Banff National Park is Canada’s alpine adventure.
Nestled amongst the peaks of the Canadian Rockies, Banff is known as a traveler’s mecca for good reason. Whether by car, bicycle, hiking boots, skis, snowshoes or canoe, in Banff National Park you can enjoy year-round discovery of the 6,641 km2 mountainous landscape. As the first national park established in Canada and a coveted UNESCO World Heritage Site, what makes Banff National Park so special is its combination of vast unspoiled wilderness, mountain lakes like Lake Louise, and the gateway to it all: the Town of Banff.
Whether you’re on a camper’s budget or living it up in luxury, Banff offers a choice of accommodation, restaurants, boutique shops and activities to make your trip a memorable one. The history of this mountain town is also well preserved at a number of museums and heritage sites, while new memories are created throughout the year at world-class festivals and events.
The allure of Banff is also its close proximity to the park’s incredible attractions and best-kept wilderness secrets. With 1600 kilometres of trails, two gondolas, three ski areas, an exciting heritage and more dining options and activities than you have time for, Banff National Park is a premier destination for authentic hospitality and outdoor exploration.
The History of Canada's First National Park
With its towering peaks and stunning glacier-fed lakes, it’s hard to believe that an area as beautiful as the Canadian Rockies once lay dormant to Western eyes, known only by the native peoples who dwelled in the valleys below. It wasn’t until the 1700s that Europeans arrived, thus beginning an exciting tradition of exploration in the mountain landscape.
In 1883, two years before the completion of Canada's first transcontinental railroad, three railroad workers stumbled upon a series of hot springs on the lower shoulder of what is now called Sulphur Mountain. By 1885, after a heated ownership dispute, the springs and surrounding area were set aside as Canada's first national park. The Canadian Pacific Railway immediately recognized the tourism potential of the Canadian Rockies. In 1888, under the direction of William Cornelius Van Horne, they opened the elegant 250-room Banff Springs Hotel.
The railway then constructed a series of grand hotels along its main line and began advertising Banff as an international tourism stopover on the steel highway that had suddenly become the fastest and most direct route from Europe to the Far East. The Rockies quickly became popular with the Victorian gentry, who came to drink in the scenery and soak in the soothing hot springs.
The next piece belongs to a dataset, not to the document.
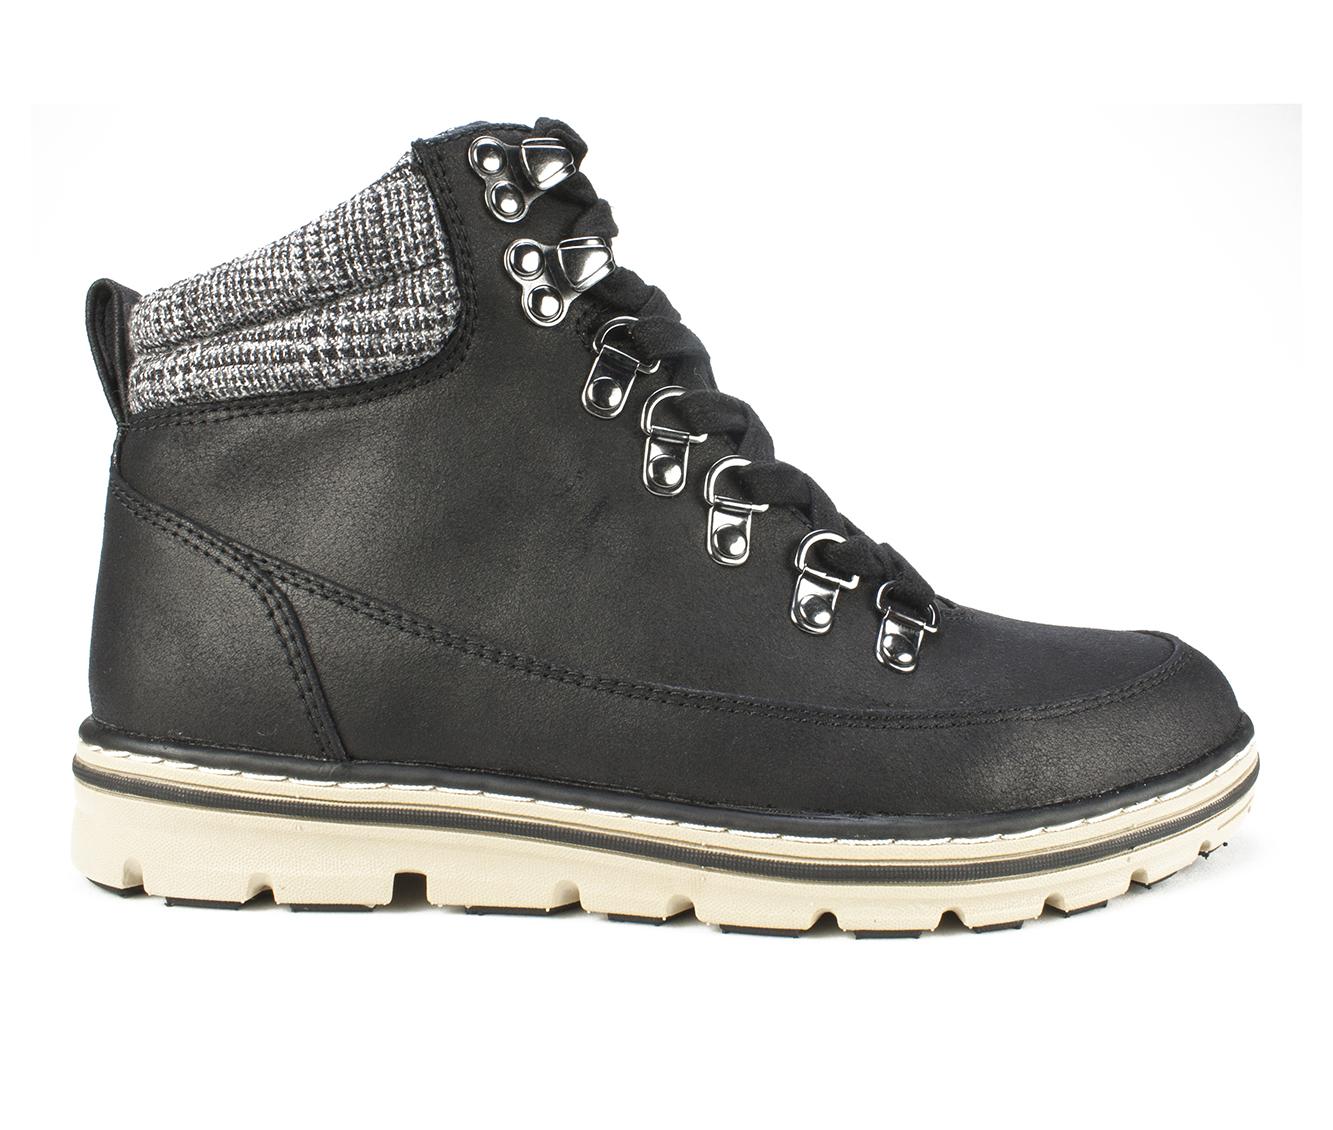 Cliffs Karmen Women's Boot (Black Faux Leather)

Soon visitors were not just stopping over - they were coming to stay. Now, approximately 8300 people call Banff their home. Residents of both Banff and Lake Louise are proud to share their local knowledge and appreciation for the nature, history and culture of this World Heritage destination. The history of the area is also captured by a number of museums, including the Whyte Museum of the Canadian Rockies, Banff Park Museum, Luxton Museum and the Cave and Basin National Historic Site.